林徽因優美散文

  冷清的夜在漫長的等待中,已顯得毫無溫存之意了,一切彷彿都是白晝過後殘留下的空白,熱情散卻之後,四周一片的沉寂,今天我們來看一下林徽因優美的散文。

  :一片陽光

  放了假,春初的日子鬆弛下來。將午未午時候的陽光,澄黃的一片,由窗櫺橫浸到室內,晶瑩地四處射。我有點發怔,習慣地在沉寂中驚訝我的周圍。我望著太陽那湛明的體質,像要辨別它那交織絢爛的色澤,追逐它那不著痕跡的流動。看它潔淨地映到書桌上時,我感到桌面上平鋪著一種恬靜,一種精神上的豪興,情趣上的閒逸;即或所謂“窗明几淨”,那裡默守著神祕的期待,漾開詩的氣氛。那種靜,在靜裡似可聽到那一處琤琮的泉流,和著彷彿是斷續的琴聲,低訴著一個幽獨者自誤的音調。看到這同一片陽光射到地上時,我感到地面上花影浮動,暗香吹拂左右,人隨著晌午的光靄花氣在變幻,那種動,柔諧婉轉有如無聲音樂,令人悠然輕快,不自覺地脫落傷愁。至多,在舒揚理智的客觀裡使我偶一回頭,看看過去幼年記憶步履所留的殘跡,有點兒惋惜時間;微微怪時間不能儲存情緒,儲存那一切情緒所曾流連的境界。

  倚在軟椅上不但奢侈,也許更是一種過失,有閒的過失。但東坡的辯護:“懶者常似靜,靜豈懶者徒”,不是沒有道理。如果此刻不倚榻上而“靜”,則方才情緒所兜的小小圈子便無條件地失落了去!人家就不可惜它,自己卻實在不能不感到這種親密的損失的可哀。

  就說它是情緒上的小小旅行吧,不走並無不可,不過走走未始不是更好。歸根說,我們活在這世上到底最珍惜一些什麼?果真珍惜萬物之靈的人的活動所產生的種種,所謂人類文化?這人類文化到底又靠一些什麼?我們懷疑或許就是人身上那一撮精神同機體的感覺,生理心理所共起的情感,所激發出的一序列為,所聚斂的一點智慧,——那麼一點點人之所以為人的表現。

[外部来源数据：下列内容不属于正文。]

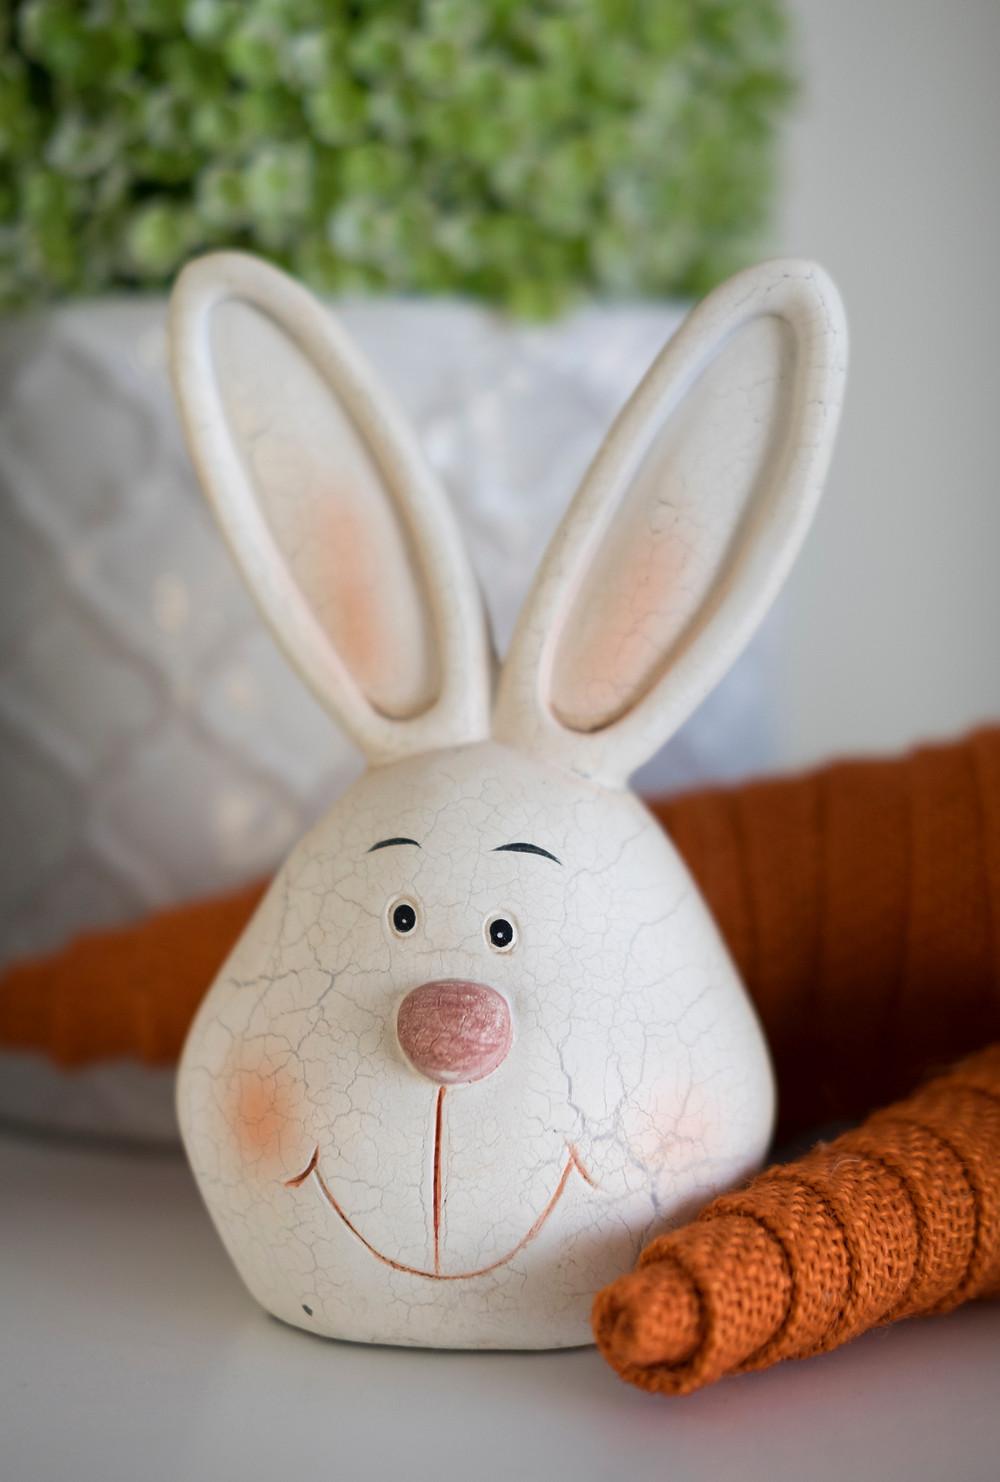 Easter Bunny, Easter Bunny Ideas, Easter Bunny Letter, Easter Bunny Games, Easter Bunny Stencil
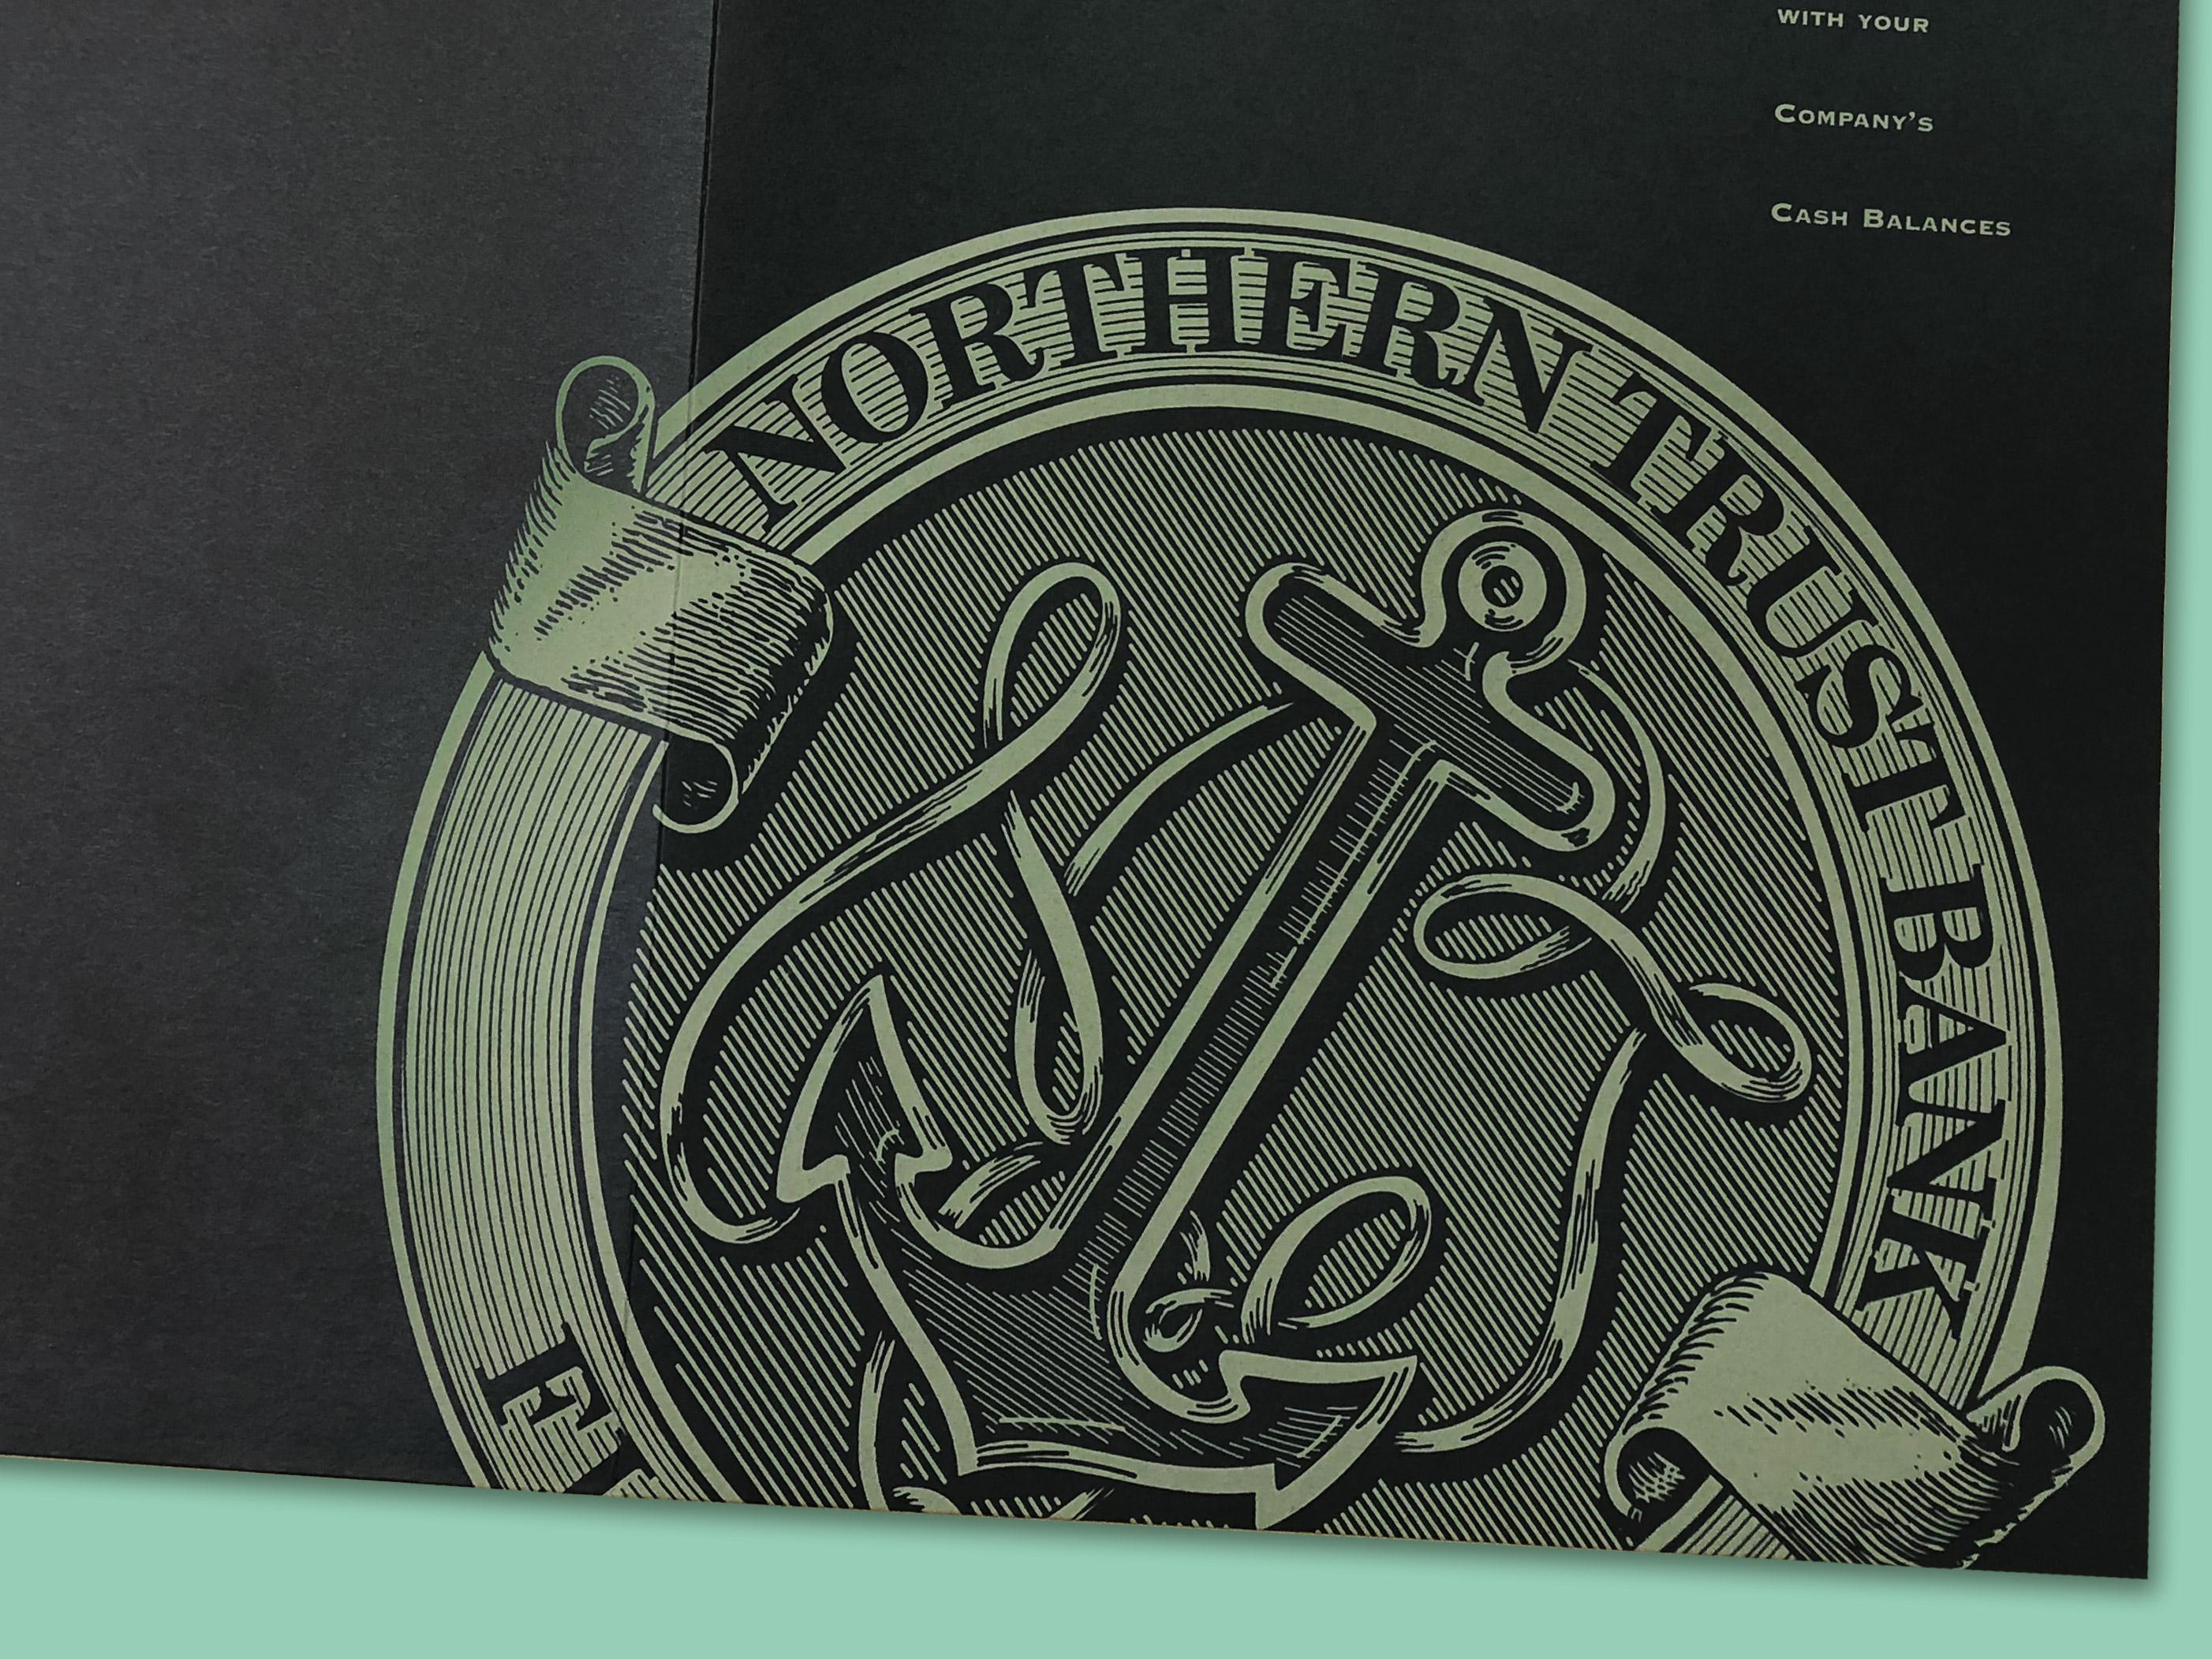 Northern Trust folder Miami Marketing Campaign

宇宙萬物客觀的本無所可珍惜,反映在人性上的山川草木禽獸才開始有了秀麗,有了氣質,有了靈犀。反映在人性上的人自己更不用說。沒有人的感覺,人的情感,即便有自然,也就沒有自然的美,質或神方面更無所謂人的智慧,人的創造,人的一切生活藝術的表現!這樣說來,誰該鄙棄自己感覺上的小小旅行?為壯壯自己膽子,我們更該相信惟其人類有這類情緒的馳騁,實際的世間才賡續著產生我們精神所寄託的文物精萃。

  此刻我竟可以微微一咳嗽,乃至於用播音的圓潤口調說:我們既然無疑的珍惜文化,即尊重盤古到今種種的藝術——無論是抽象的思想的藝術,或是具體的駕馭天然材料另創的非天然形象,——則對於藝術所由來的淵源,那點點人的感覺,人的情感智慧***通稱人的情緒***,又當如何地珍惜才算合理?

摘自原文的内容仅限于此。